E, como todos nós, ela se depara com a sua finitude. O espetáculo ganha em humor e sofisticação dramatúrgica quando faz essa dobra, ou seja, quando Joana passa a fazer para si mesma os truques que estava fazendo para o público. Seu duelo com a morte é um duelo consigo mesma. Quando apela para uma última refeição, para um último encontro amoroso, é a si mesma que engana ou convence. Sozinha em cena, faz uma triangulação com a projeção de imagens, com um timing que parece simples e casual – o que significa que foi muito bem construído. A cena faz um duplo com a vida.

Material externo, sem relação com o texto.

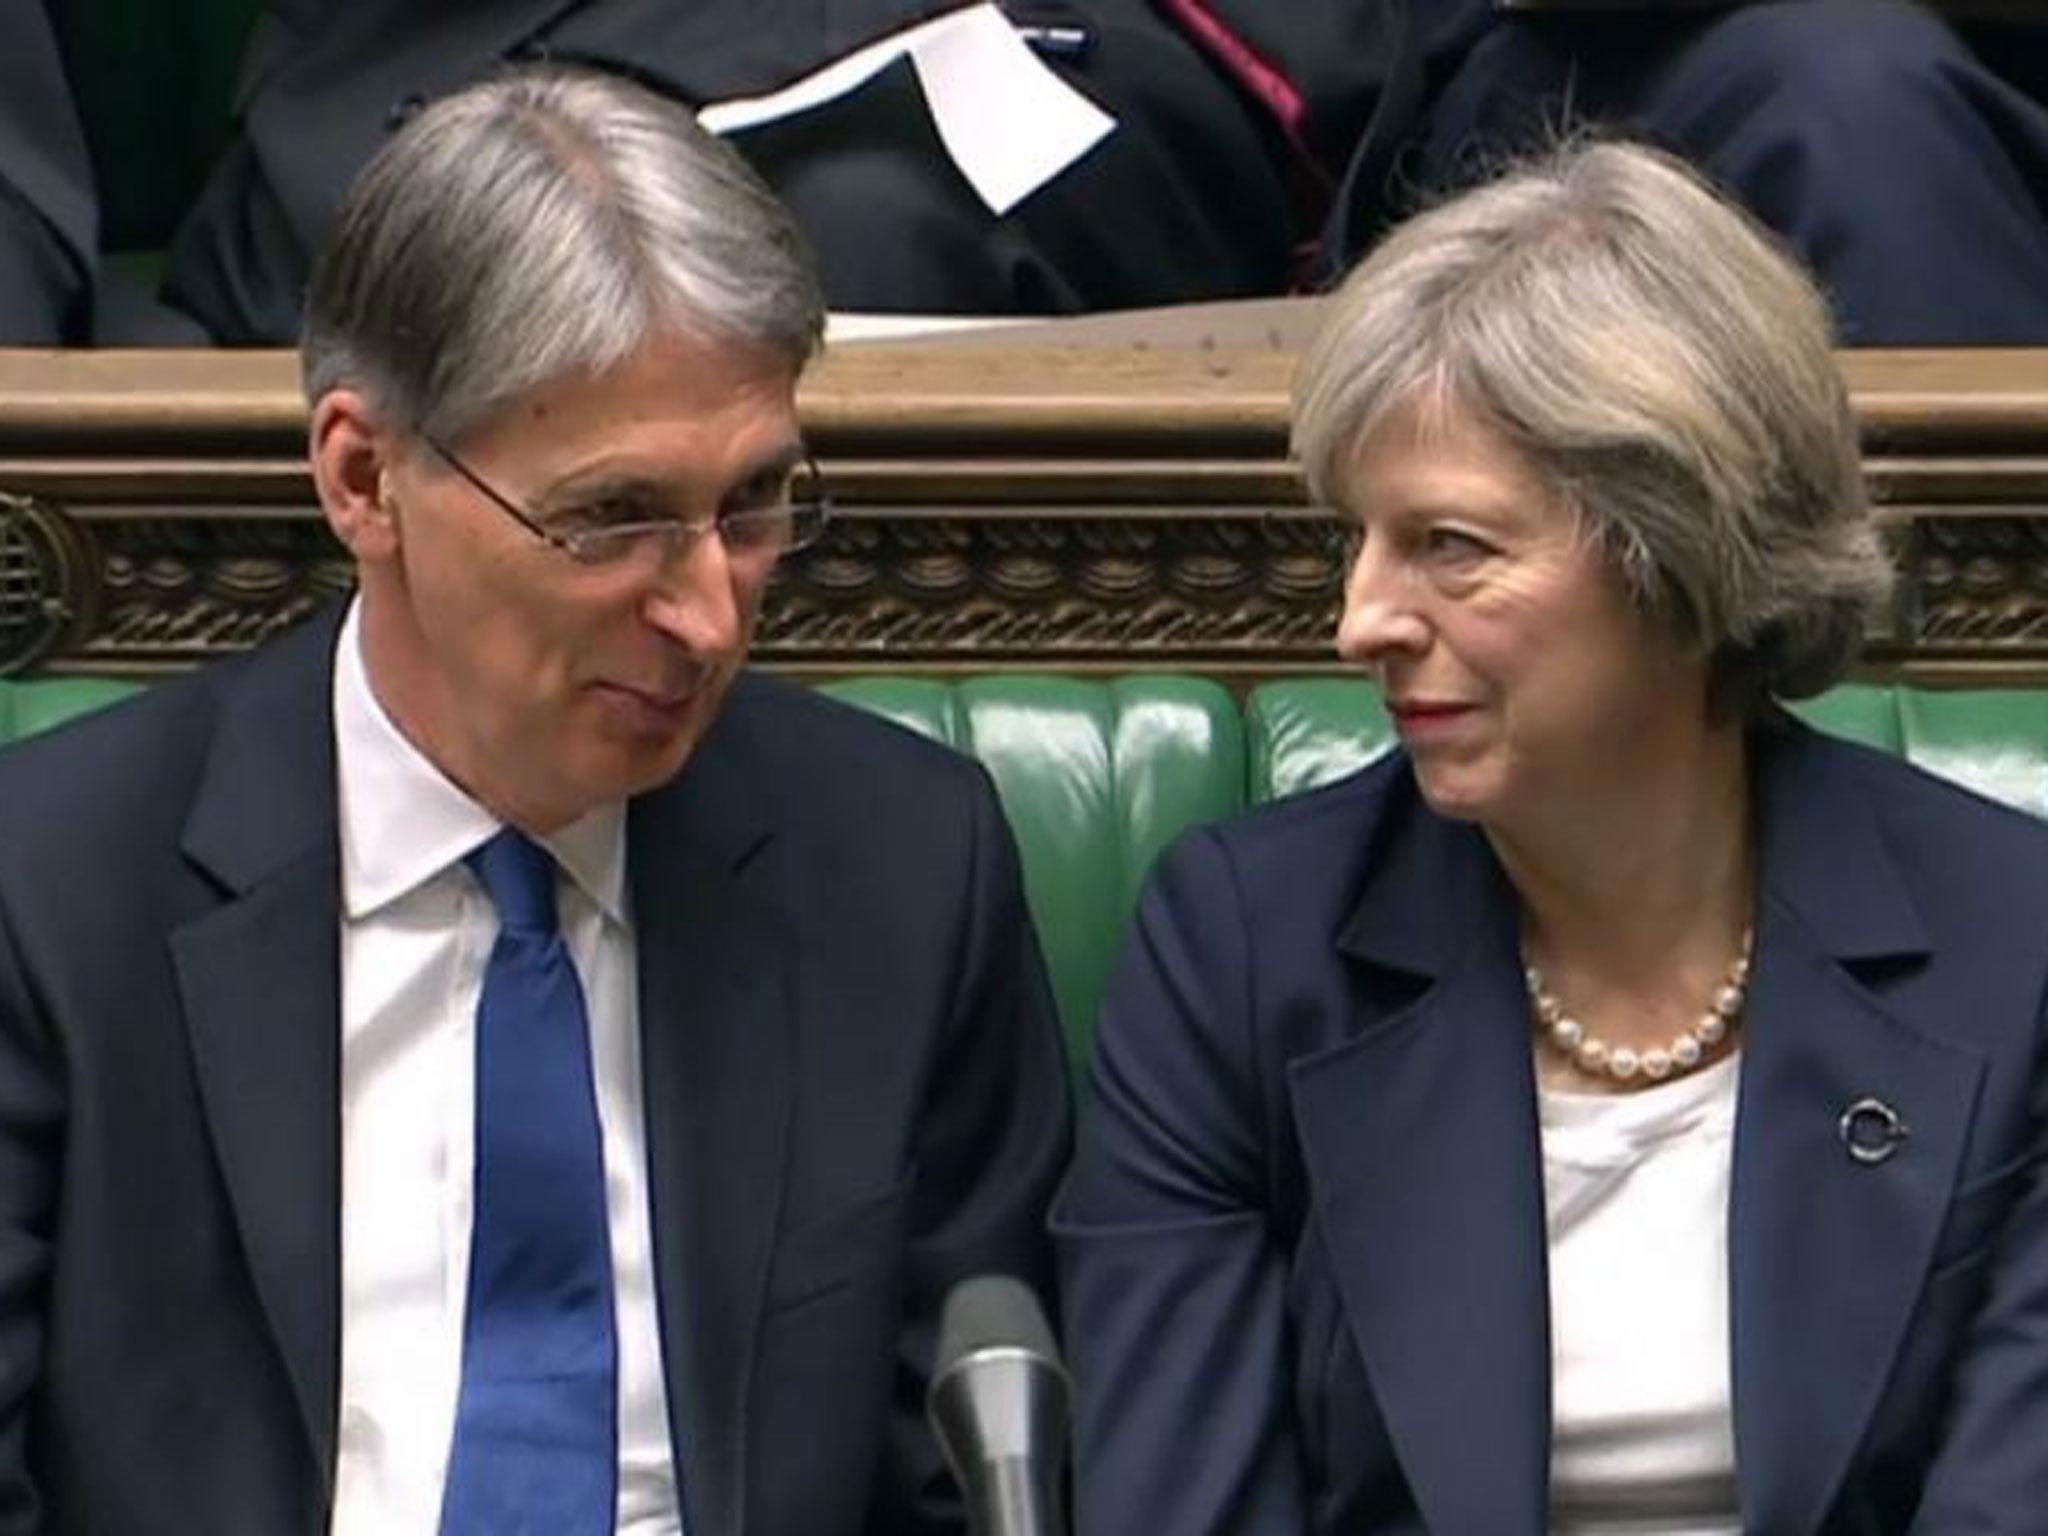 Unlike Cameron and Osborne before them, May and Hammond do not share a joint project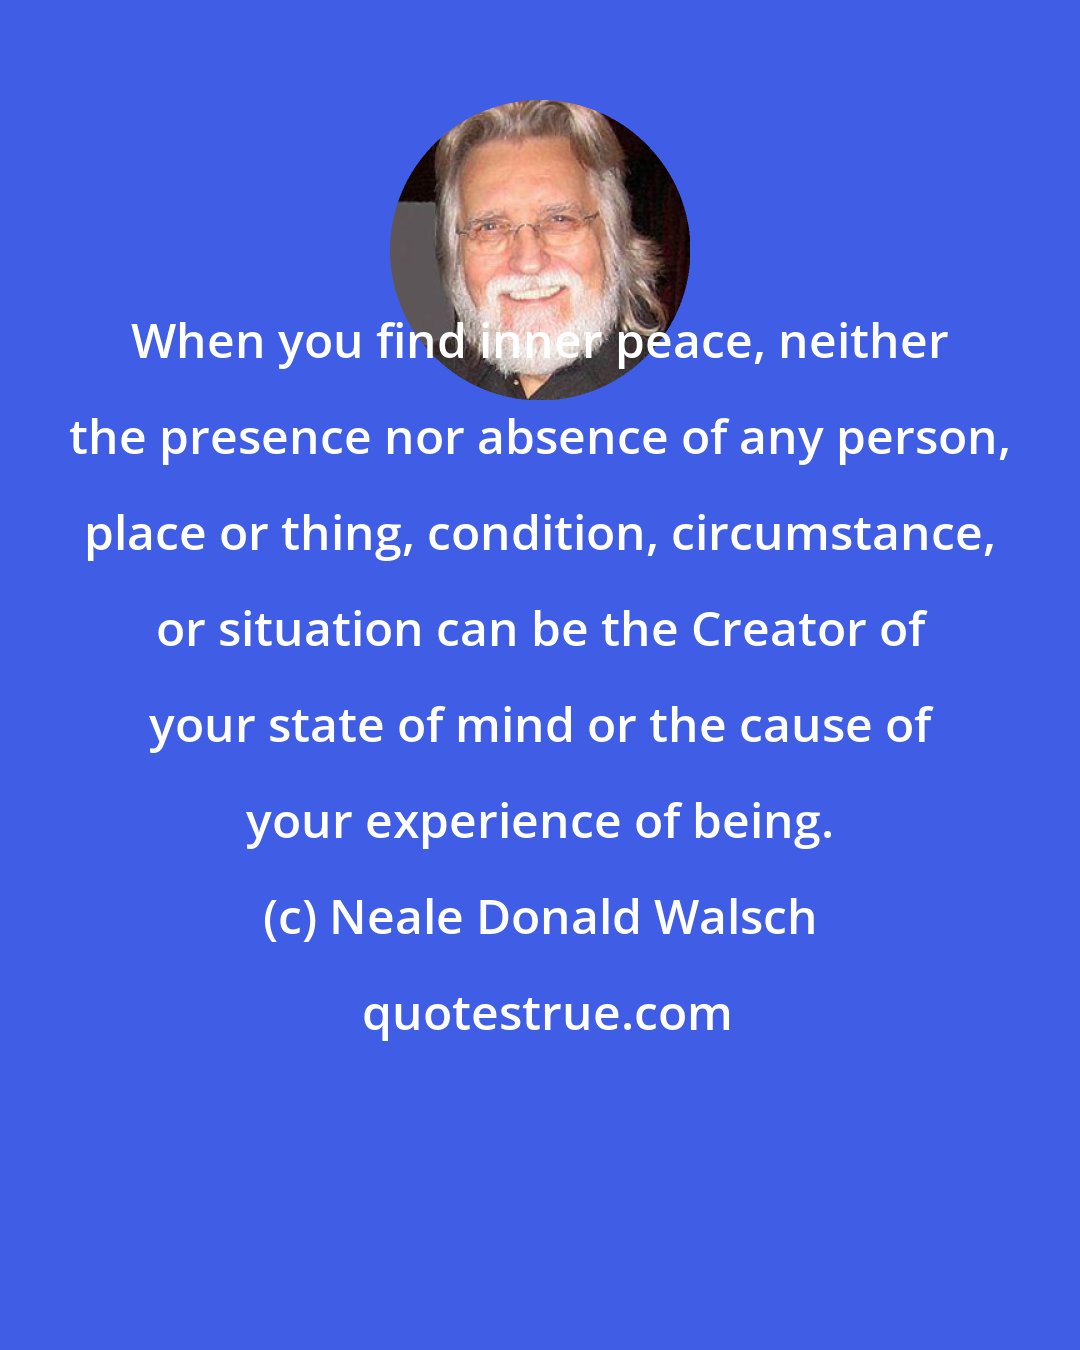 Neale Donald Walsch: When you find inner peace, neither the presence nor absence of any person, place or thing, condition, circumstance, or situation can be the Creator of your state of mind or the cause of your experience of being.

O gesto de costurar sugere um desejo de permanência, como o gesto de escrever. Uma forma de deixar um rastro no mundo. Joana tenta afobadamente dar mais um ou outro ponto na vida, permanecer mais um pouquinho, até que, sem peso, se dá por satisfeita. Nós também fazemos e desfazemos coisas ao longo da vida, até que ela se acabe, até que a morte venha cortar o fio. A diferença talvez seja que nós, para a vida fazer sentido, alinhavamos as coisas umas nas outras, tentamos forjar narrativas contínuas. E queremos nos costurar no mundo, deixar nossas marcas.
A dificuldade de desapegar da vida aparece (propositalmente ou não) na dificuldade da atriz em encerrar a apresentação. O final se prolonga, podemos vislumbrá-lo bem antes que ele aconteça. E é nessa tentativa de prolongamento que vejo uma certa melancolia no espetáculo. No meio de toda a graça, humor, espirituosidade e técnica, entrevemos nosso medo da morte. No entanto, isso não significa que A costureira seja uma obra sombria. Pelo contrário! Trata-se de um trabalho que nos faz olhar generosamente para a vida. Mas a vida ali apresentada não é como uma grande narrativa de continuidade e sentido (como seria no drama, no caso do teatro), e sim como sucessão de números de palhaçaria, em que batemos cabeça com as coisas que inventamos. Uma sugestão, quem sabe, para lidarmos com a vida com linhas mais soltas, sem ter a agulha em riste, sem querer dar nó em todos os pontos.
Daniele Avila Small é doutoranda em Artes Cênicas pela UNIRIO, Mestre em História Social da Cultura pela PUC-Rio e Bacharel em Teoria do Teatro pela UNIRIO. Autora do livro O crítico ignorante: uma negociação teórica meio complicada (Editora 7Letras, 2015). É idealizadora e editora da revista eletrônica Questão de Crítica, integra o coletivo Complexo Duplo e a DocumentaCena – Plataforma de Crítica.